Peter Leech retires from John Deere
Peter Leech has retired from John Deere, after a distinguished career with the company spanning nearly 42 years.
Peter joined John Deere Limited at Langar, Nottingham in 1971, straight from Kesteven Agricultural College, where he studied agricultural engineering. At this time the company was less than six years old and held a three per cent market share.
Following initial employment as a service trainee and area service manager covering the East Midlands and Republic of Ireland, he moved to the company's Mannheim tractor factory in Germany as senior service engineer, responsible for the Americas and the UK, where he was deeply involved in the 40 Series tractor launch.
He then returned to the UK branch, initially as division service manager, then branch service manager and branch customer support manager for the UK and Ireland, with increasing responsibilities for service, parts, aftermarket marketing and training.
During this time a new training centre was established at Bingham and subsequently at the newly designed Langar headquarters, and the award-winning Ag Tech apprentice service technician training programme was launched, while parts sales grew at a double digit rate.
Peter's other notable achievements during this time included the development of the service evaluation process, which was the forerunner of many of John Deere's dealer development activities, and the UK PowerGard equipment maintenance and repair programme. He was also responsible for student and graduate trainee hiring in the UK and Ireland for many years.
Since 2010, Peter has led Deere & Company's training delivery organisation as regional training manager for Region 2 (Europe, Africa, Near & Middle East and the CIS), delivering training programmes to Deere's 26,000 dealer employees across the region through an organisation of seven training centres and a large team of instructors. He also successfully launched the new Region 2 management trainee programme in 2012.

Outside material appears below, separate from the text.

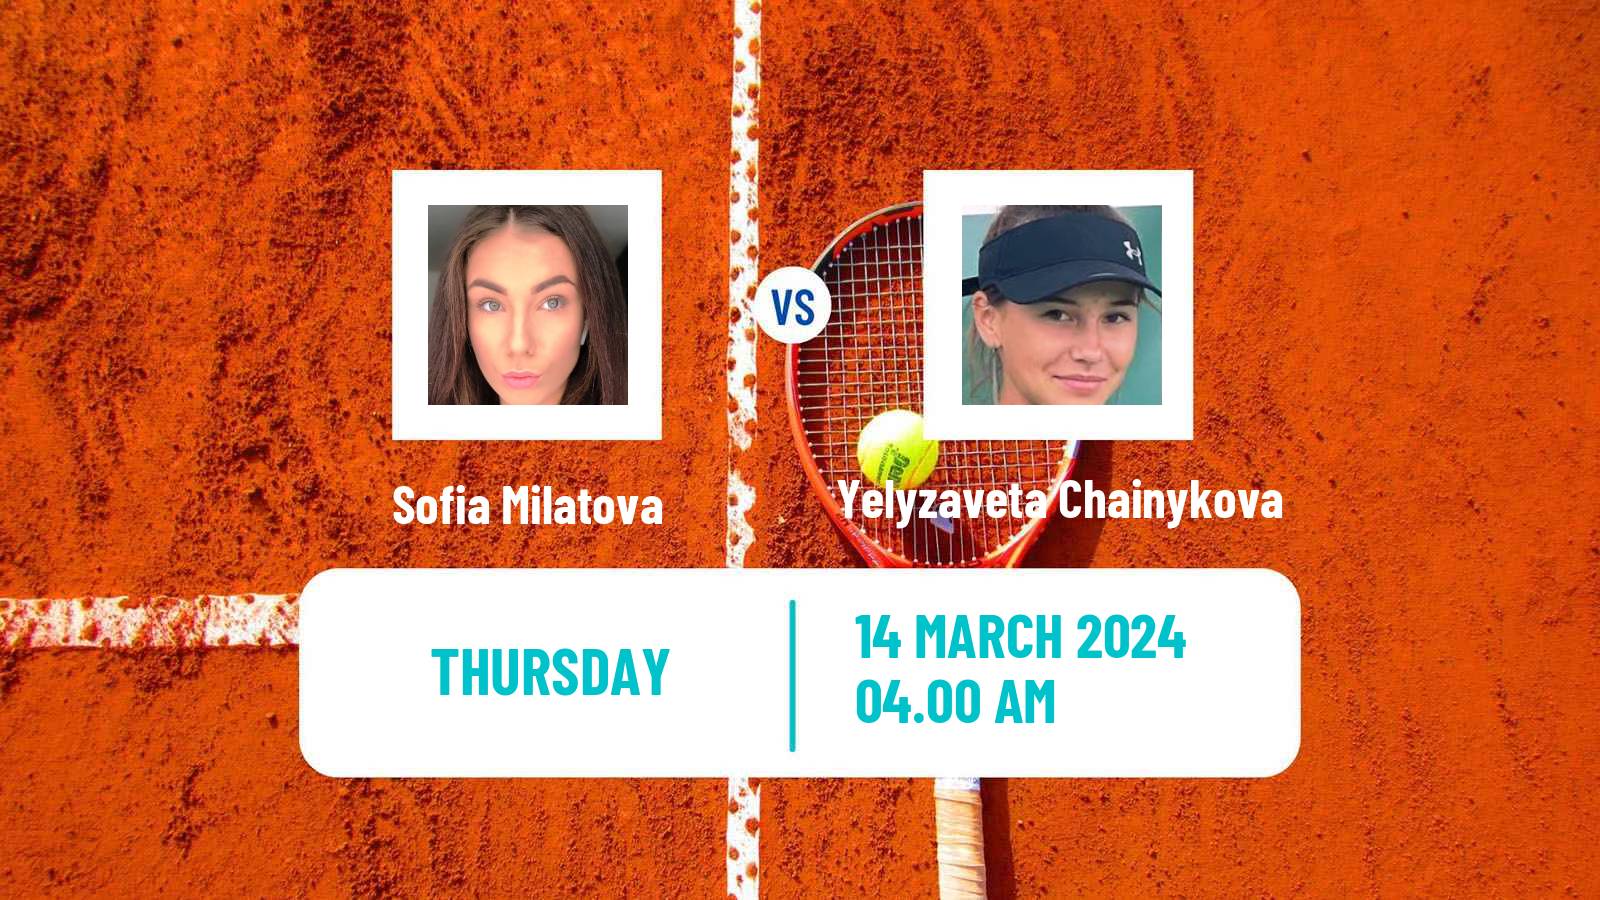 Tennis ITF W15 Heraklion 2 Women Sofia Milatova - Yelyzaveta Chainykova
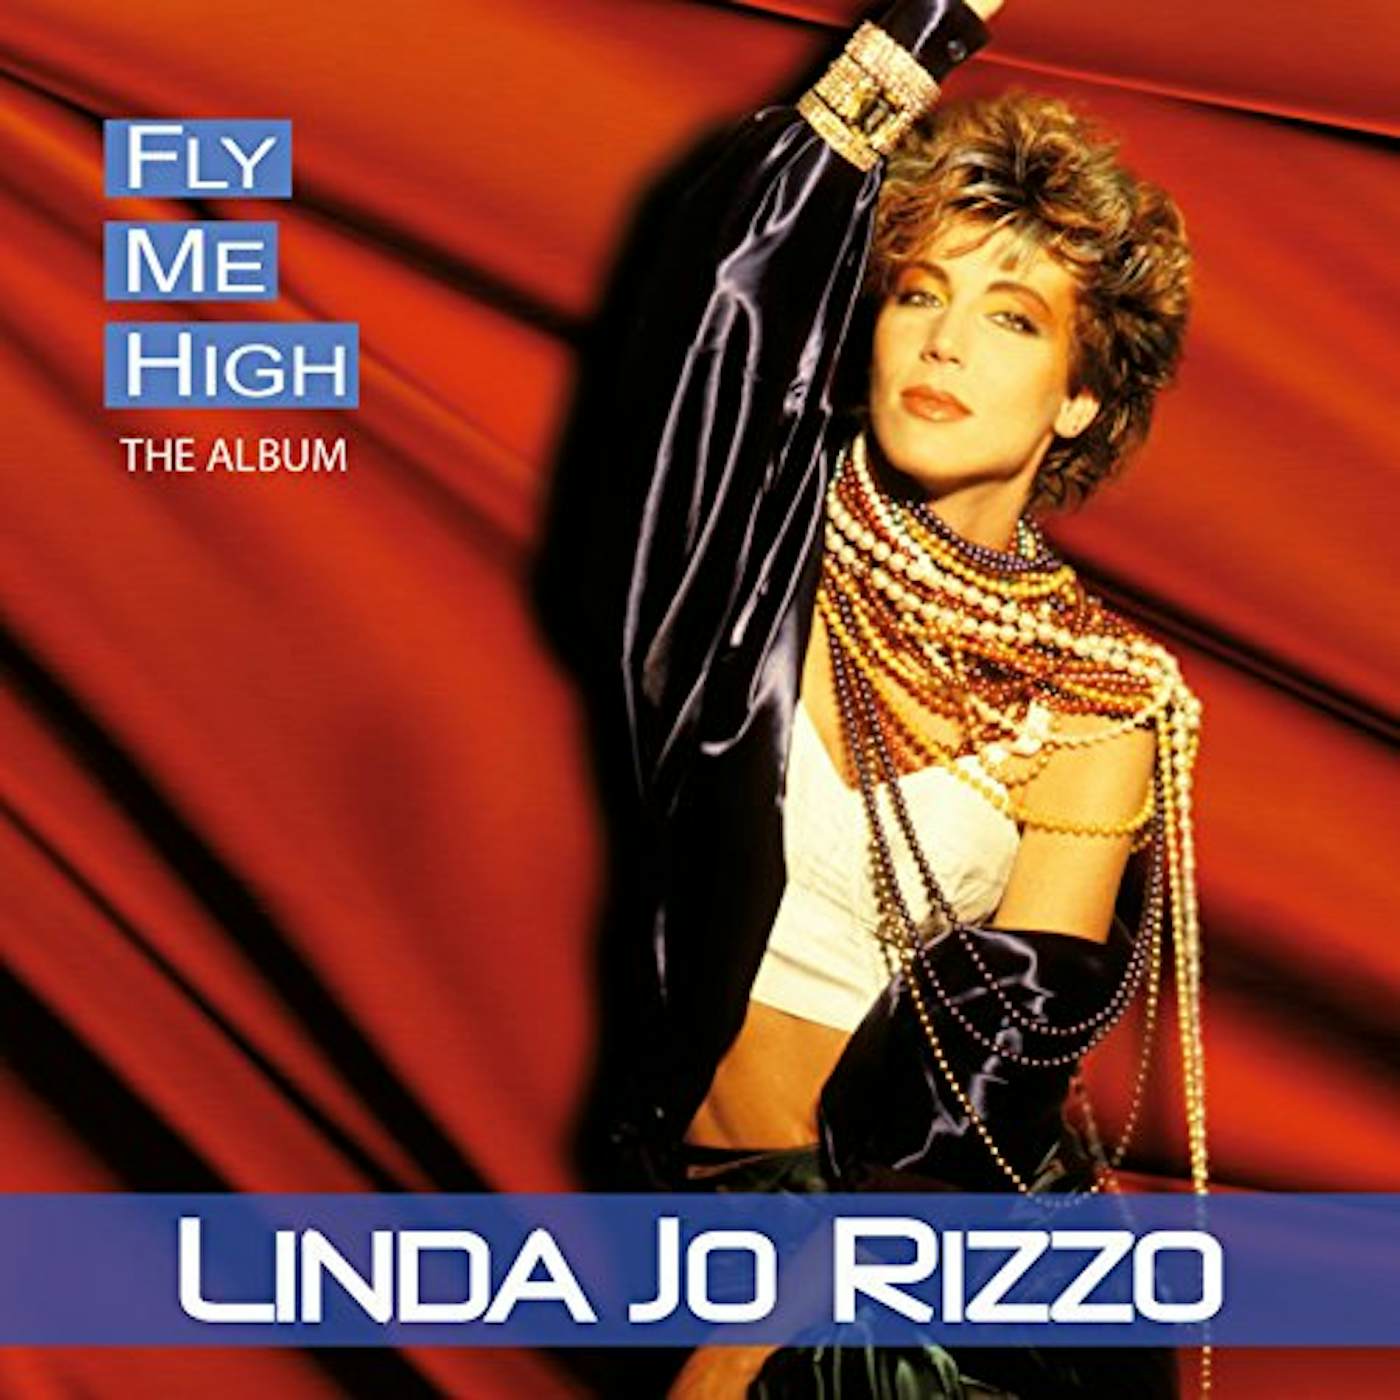 Linda Jo Rizzo FLY ME HIGH CD

As chairman of the AEA's training & education committee, Peter was instrumental in leading industry colleagues in the development of the Landbased Technician Accreditation scheme (LTA). For many years, he also actively participated in the Institution of Agricultural Engineers (IAgrE), and served as its president from 2010 to 2012.
His many contributions to IAgrE were recognised in 2005 by the Award of Merit and in 2013 by an Honorary Fellowship, which was presented at the Institution's annual conference at Harper Adams University in March.
Although he has now left John Deere (on May 3rd), Peter Leech plans to continue doing consultancy work and other projects within the landbased engineering sector.